As the calendar flips, we are subconciously persuaded to look at ourselves as an app and make appropriate upgrades. With my self-check momentarily complete, the upgrades are lined up to be applied, the boulder is eroding, and a giddy feeling is seeping into my system. Then again, the giddiness could very well be residual traces of ‘juice for big people’ (as we call any kind of alcohol around our house) from Christmas festivities, but either way, I am moving forward. The new year promises to be heavily bitter-sweet. The bitterness stems from the fact that we are certain to be leaving Milano for good at some point within the next 365 days and in truth, this makes me just as sad as the fact that I will never see Bob Marley live. We knew we’d have to leave Milan one day but the idea was always so off in the distance that I worried about it like one worries if Chewbacca will ever speak english. All good things come to an end and ultimately our time in Milan is done, (as for Chewbacca, I don’t know because I’ve never really seen Star Wars and much prefer to obtain my sci-fi from factual documentaries like Space Balls). On the flip side, a new city awaits which means new adventures, new friends, new parents to meet, and new shops in which to peruse for purse-adoptions, new angles for photographs, and also new places to check-in at on Facebook, (I joke, I’m anti check-in because Facebook is creepily omnipotent and hence knows too much about me already).

Rewinding back to September this year, we learned then that to Milan we would have to bid farewell in January 2014 and welcome the sands and sweltering heat of Dubai as our new home. Nanoseconds after the news was delivered to me, I extrapolated the sands and beaches of Dubai to imply bikini waxes twelve months a year. Insert a Chewbacca cry here.

Colder weather and I go hand-in-hand like a figure skater wearing a scrunchie in her hair, so I was not particularly enthused by this news because Dubai temperatures hover in the high 40s/low 50s in the summer. I resisted and rejected this impending farewell and hence this sour mood engulfed my normal level of enthusiasm and brought on some blues, (if I have to be honest). We visited Dubai in November to scope out new digs and school, and though the trip was quite fun and entertaining (the architecture in Dubai is stupendous and we all kissed a dolphin, for example), I returned to Milan feeling that though it’s a great holiday destination, Dubai is still a place I don’t want to live. Matlock on the other hand, couldn’t wait to peruse the ribbons of asphalt that have been lain over the endless sand and given unpronounceable names such as Khalid Bin Al Waleed Road, or Sheikh Mohammed Bin Zayed Road. Matlock and I could not have been more opposite about this move.
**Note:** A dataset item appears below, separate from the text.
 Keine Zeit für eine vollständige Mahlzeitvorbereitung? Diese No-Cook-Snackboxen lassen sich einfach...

In December, as I literally prepped for the kids’ going away party at school which was due to start in one hour on a particular day, Matlock called me and told me plans had changed and we weren’t moving to Dubai anymore, but eventually, somewhere else. Inconceivable! Like a wax strip, Dubai got ripped away in a flash, but this time, I didn’t feel the pain. I should have cringed and stressed, but instead, I was content and calm. But because I am a woman and hence therefore frequently incapable of making up my mind, I also felt sad. On the one hand, I was joyous because in Milan we get to stay longer until all details for our alternative posting are sorted out. I now know exactly how Julie Andrews felt as she scampered and twirled around the green mountainous fields around Salzburg while singing to the heavens. But on the other hand, I had JUST finally reached the point where I accepted Dubai and felt excited to bedizen myself in all the fake gold I could buy (that’s a lie because I don’t like gold and prefer silver, but it is true that I had finally reached my happy place about moving to Dubai). I felt prepared and onboard for this adventure which made things so much easier for Matlock. I was keen to learn all about Dubai’s history and explore its old streets which was what intrigued me more. As an example, I was not aware Dubai was a sleepy fishing port before all the scaffolds, cranes, and sky scrapers penetrated the horizon. (True story. Click here to see some photos).
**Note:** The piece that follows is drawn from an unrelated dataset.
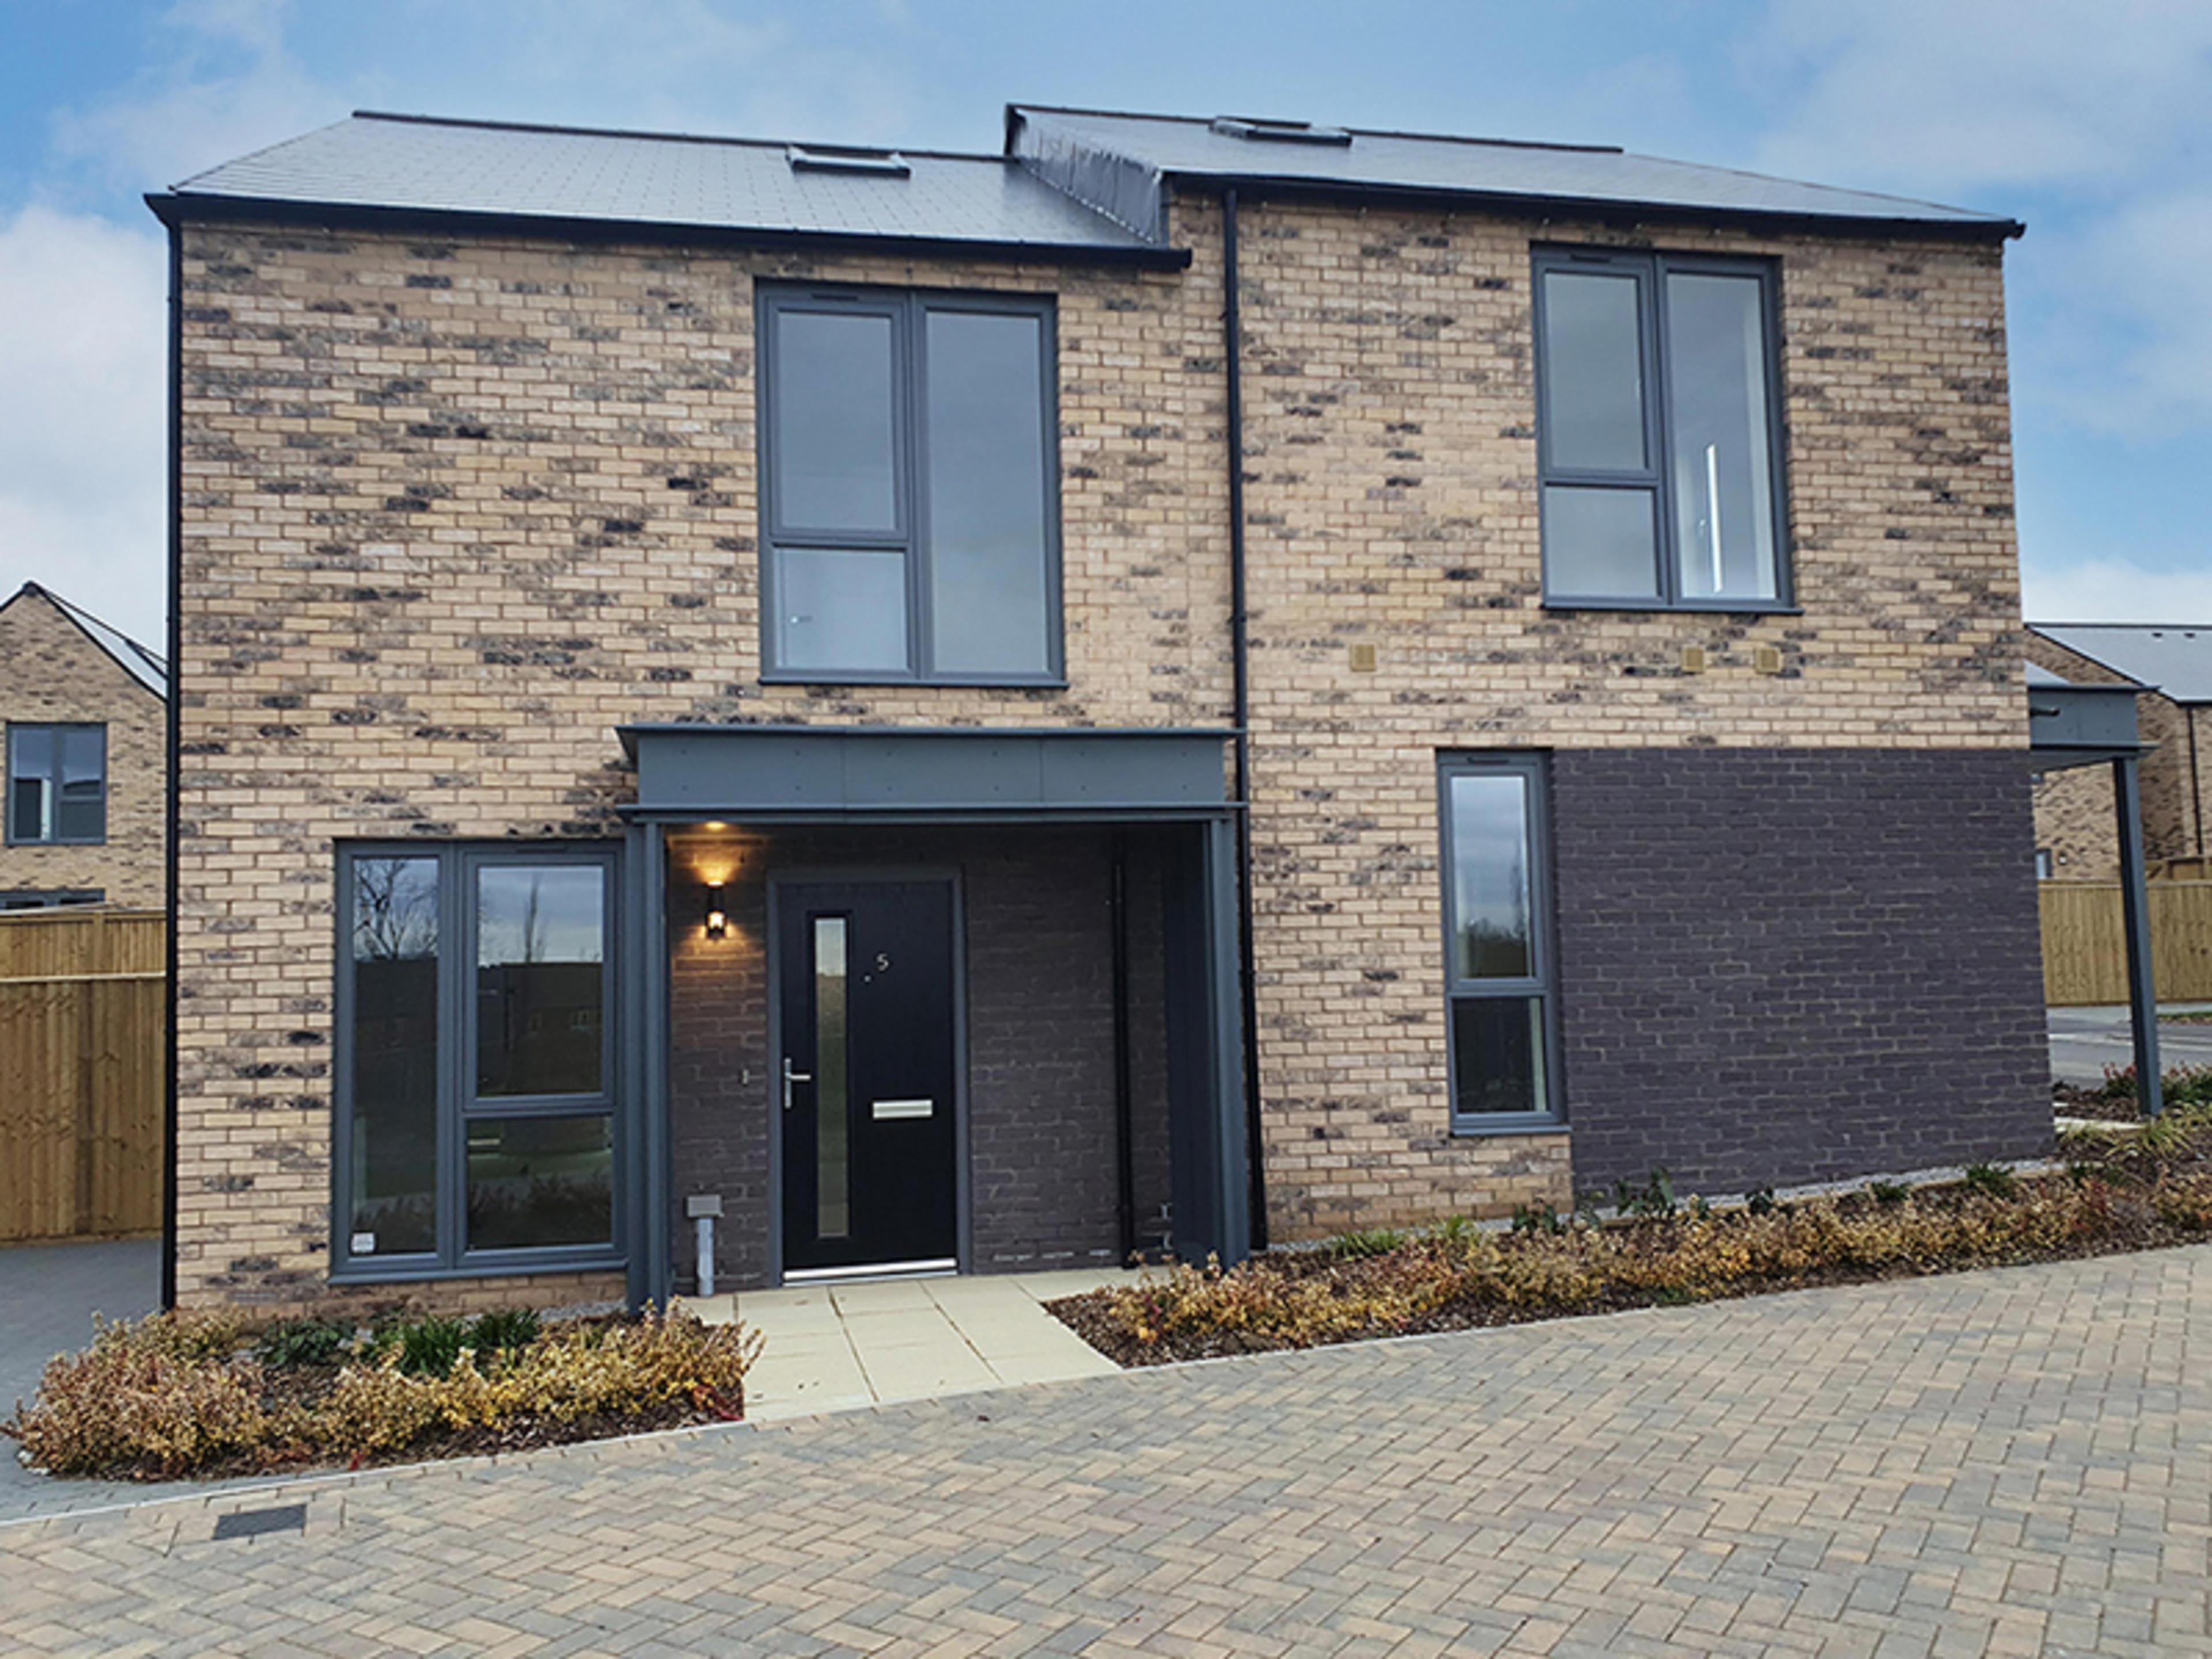 watling-grange-harrogate-finchale-2-bed-home-external-1

In our visit to Dubai in November, there was so much we didn’t see in that week because we knew we were coming back and had two years to wander the metropolis, so that’s a technicality against us. Lastly, I also felt quite deflated for Matlock who was quite eager to begin the challenging work in his new assignment. He was very excited for his career to caravan through the desert for a while and live in a city where his commute to work from home would take him all of ten minutes. But alas, it was not to be had and the going-away party for the kids was an odd experience because as it turned out suddenly, we weren’t leaving. Yet.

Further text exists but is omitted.